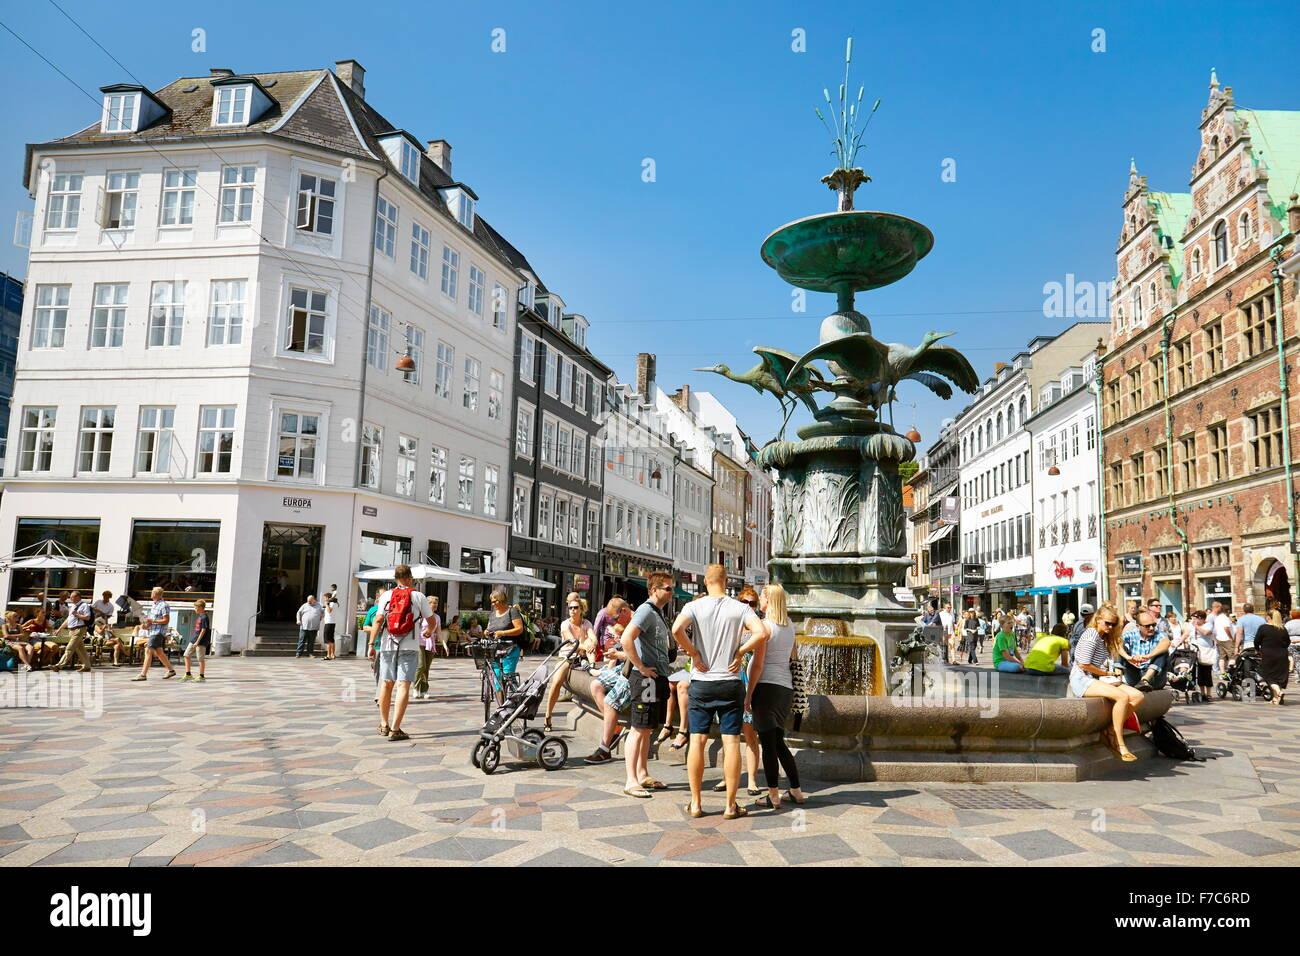 Torv Square, Stroget, Copenhagen city, Denmark - Stock Image
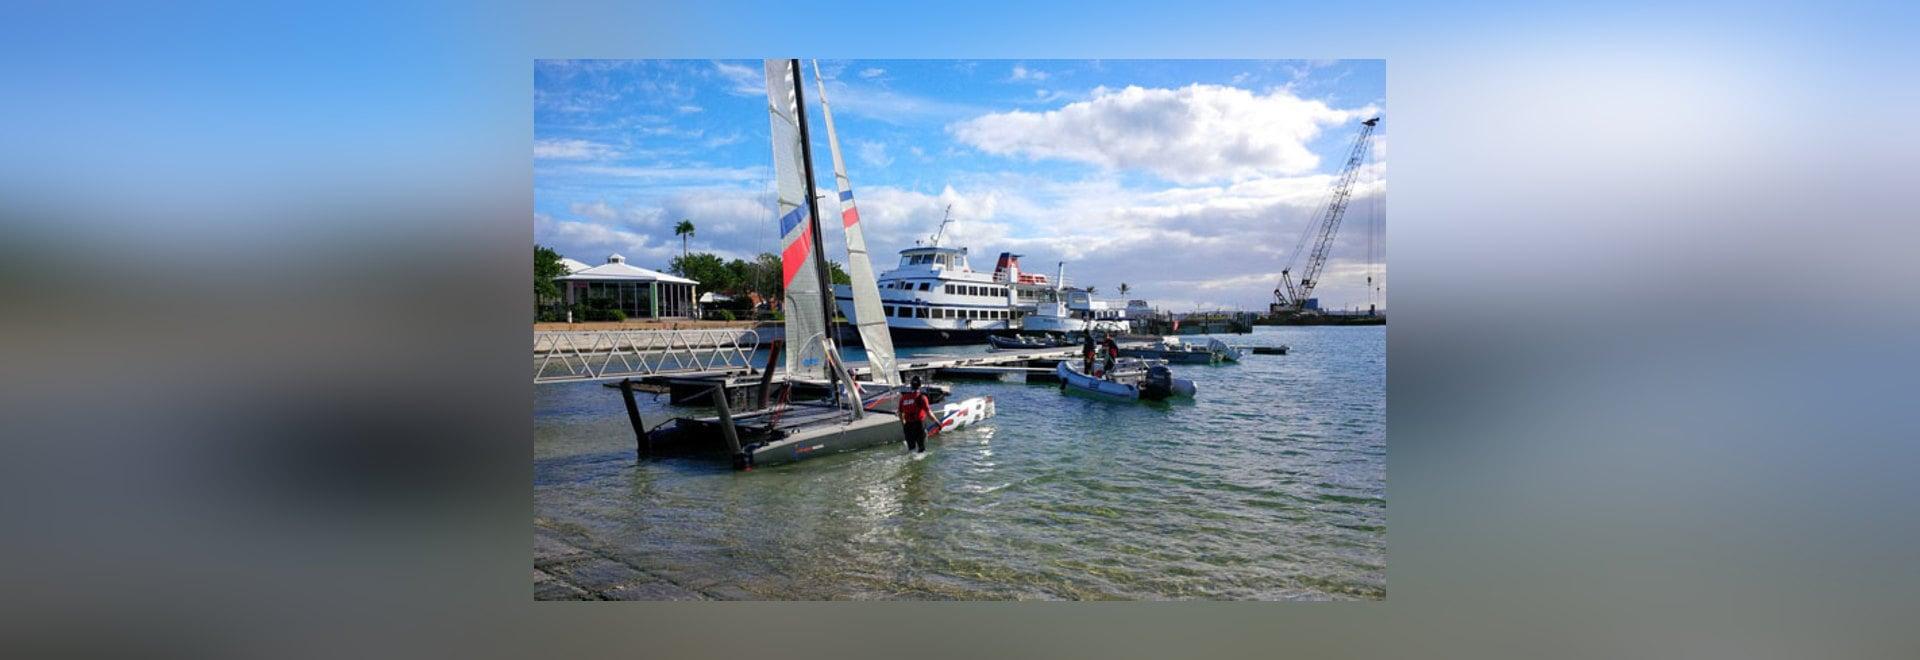 L'emballage de Ben Ainslie arrive en Bermudes pour l'Amérique ? formation de tasse de s
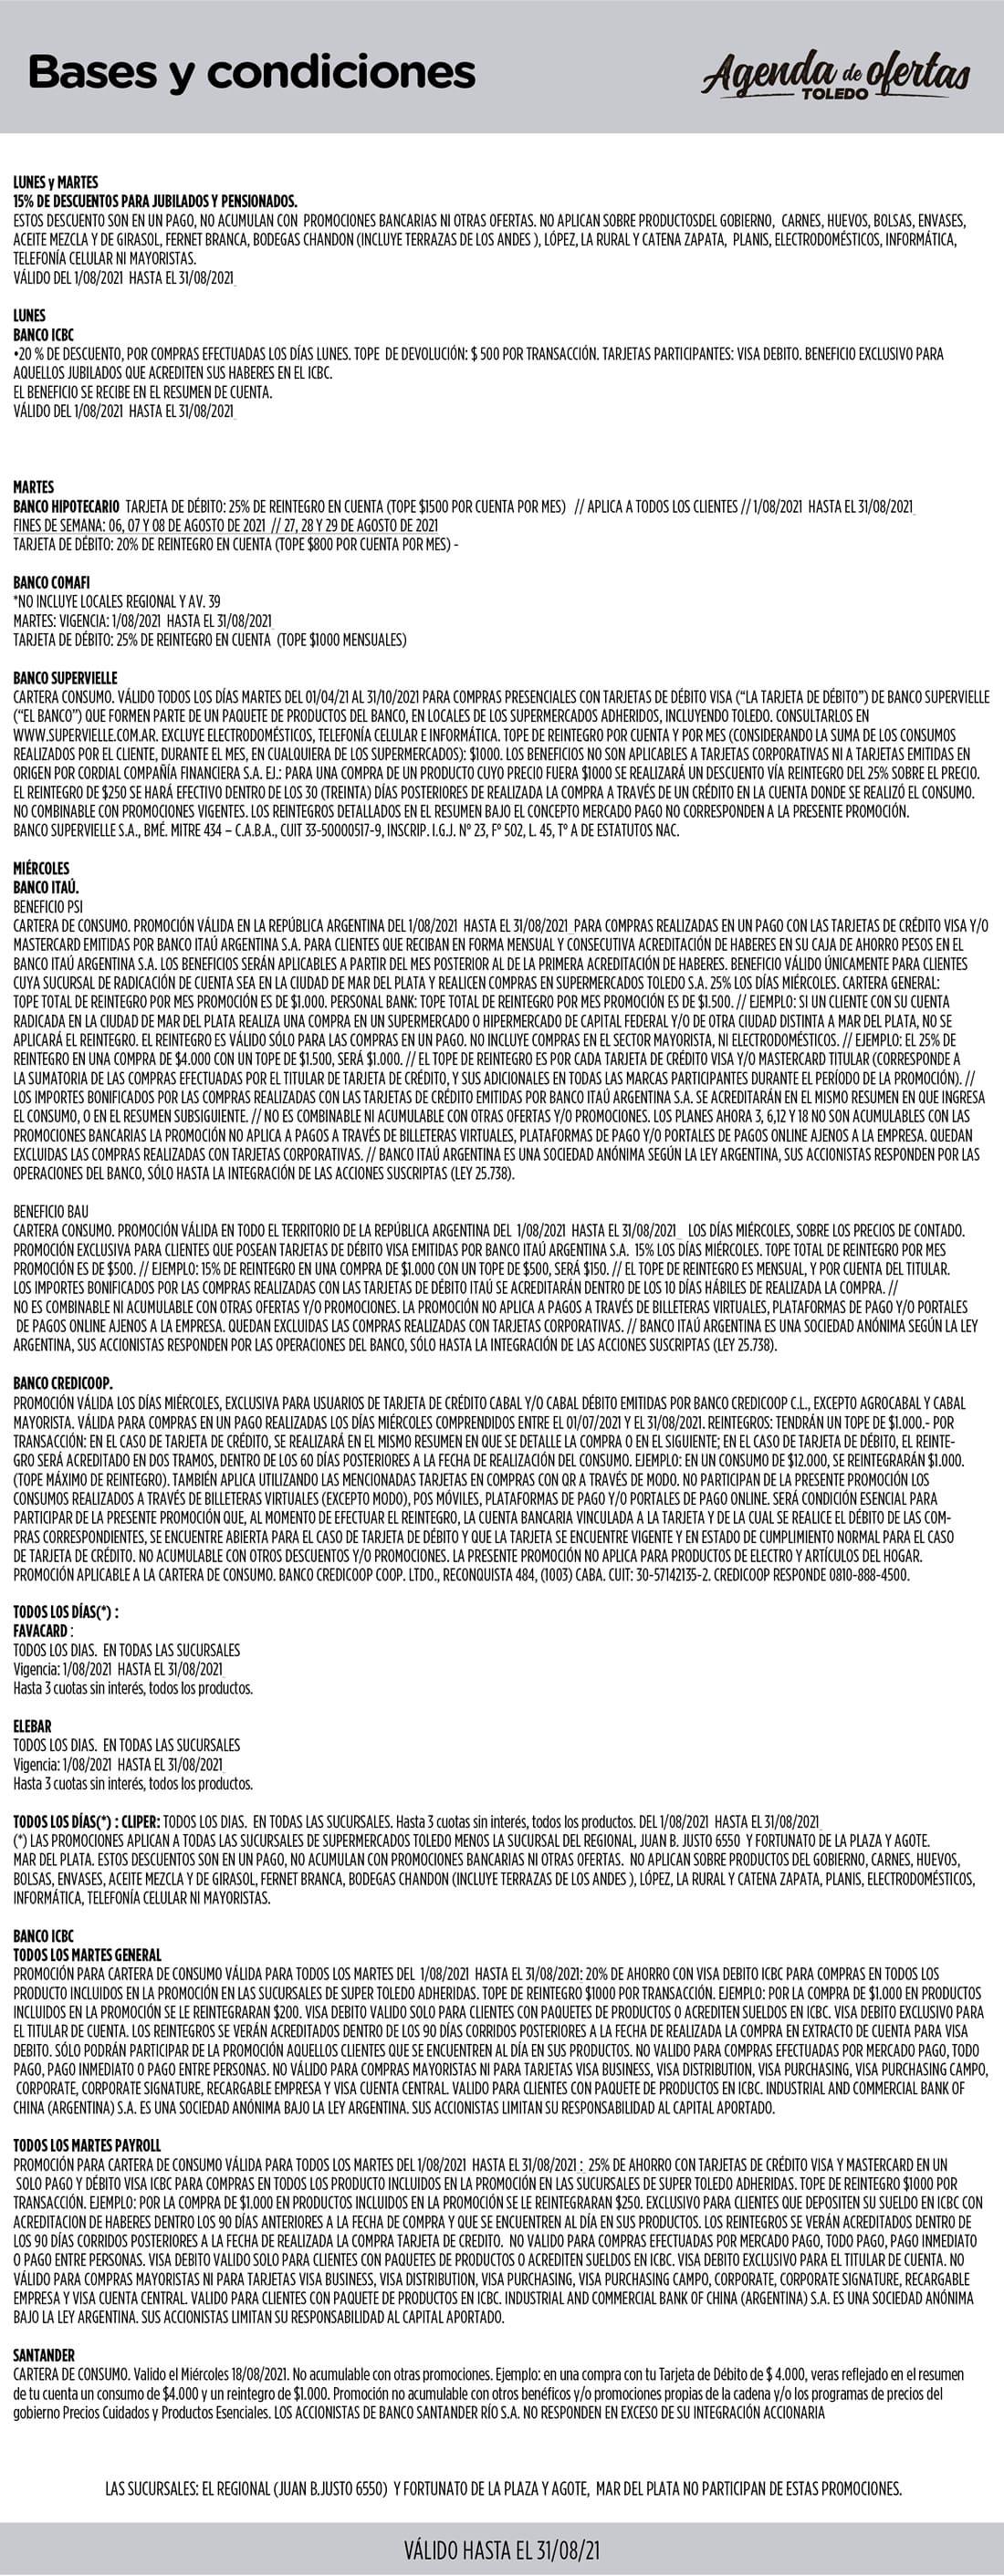 Legales-agenda-de-bancos-_ULTIMO-1
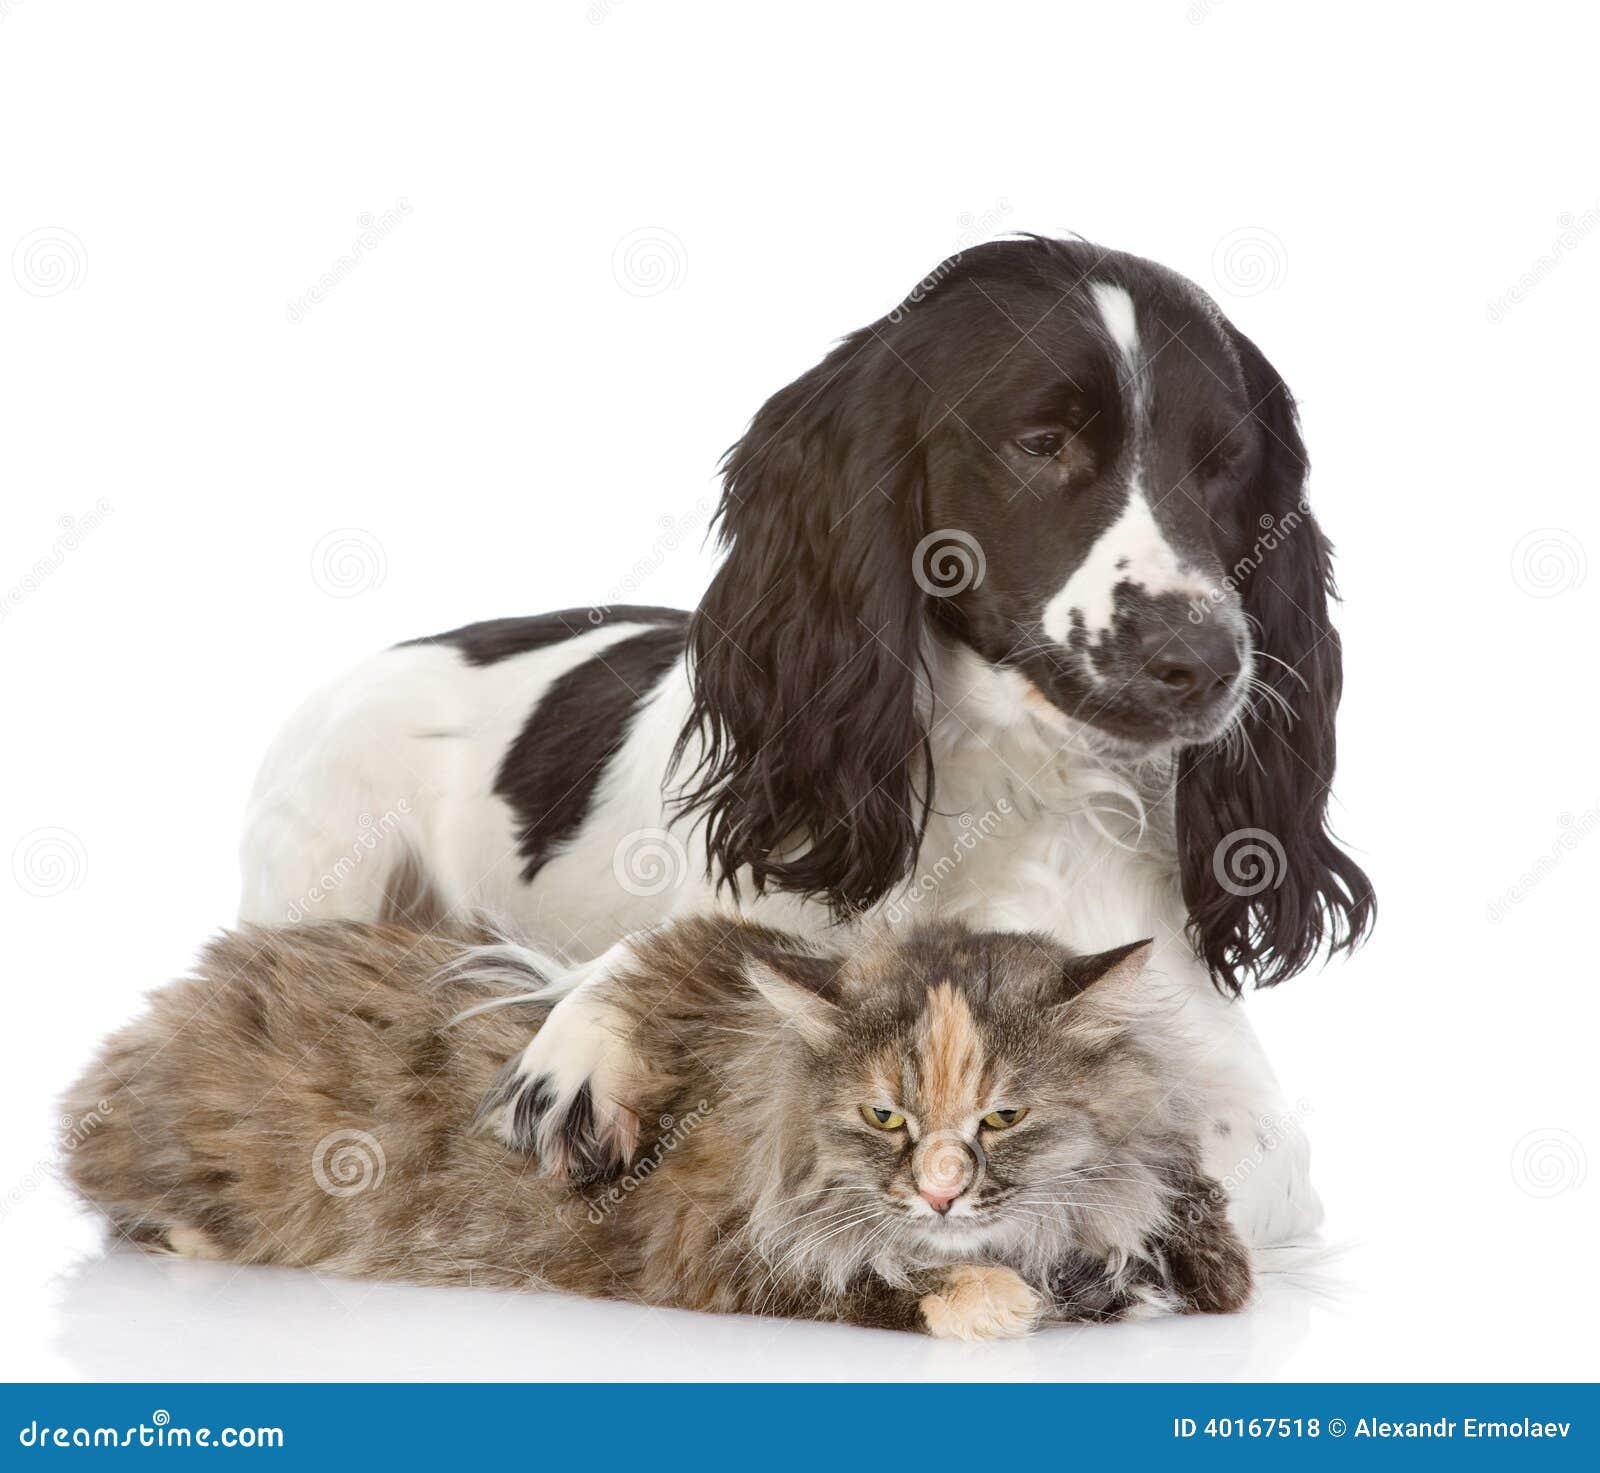 Englisch-Cocker spaniel-Hund umfasst eine Katze.

* **Problem**
When you restate the listing above, give each line word for word but leave out every image.

* **Final answer**
 Torv Square, Stroget, Copenhagen city, Denmark - Stock Image
 L'emballage de Ben Ainslie arrive en Bermudes pour l'Amérique ? formation de tasse de s
 Legales-agenda-de-bancos-_ULTIMO-1
 Englisch-Cocker spaniel-Hund umfasst eine Katze.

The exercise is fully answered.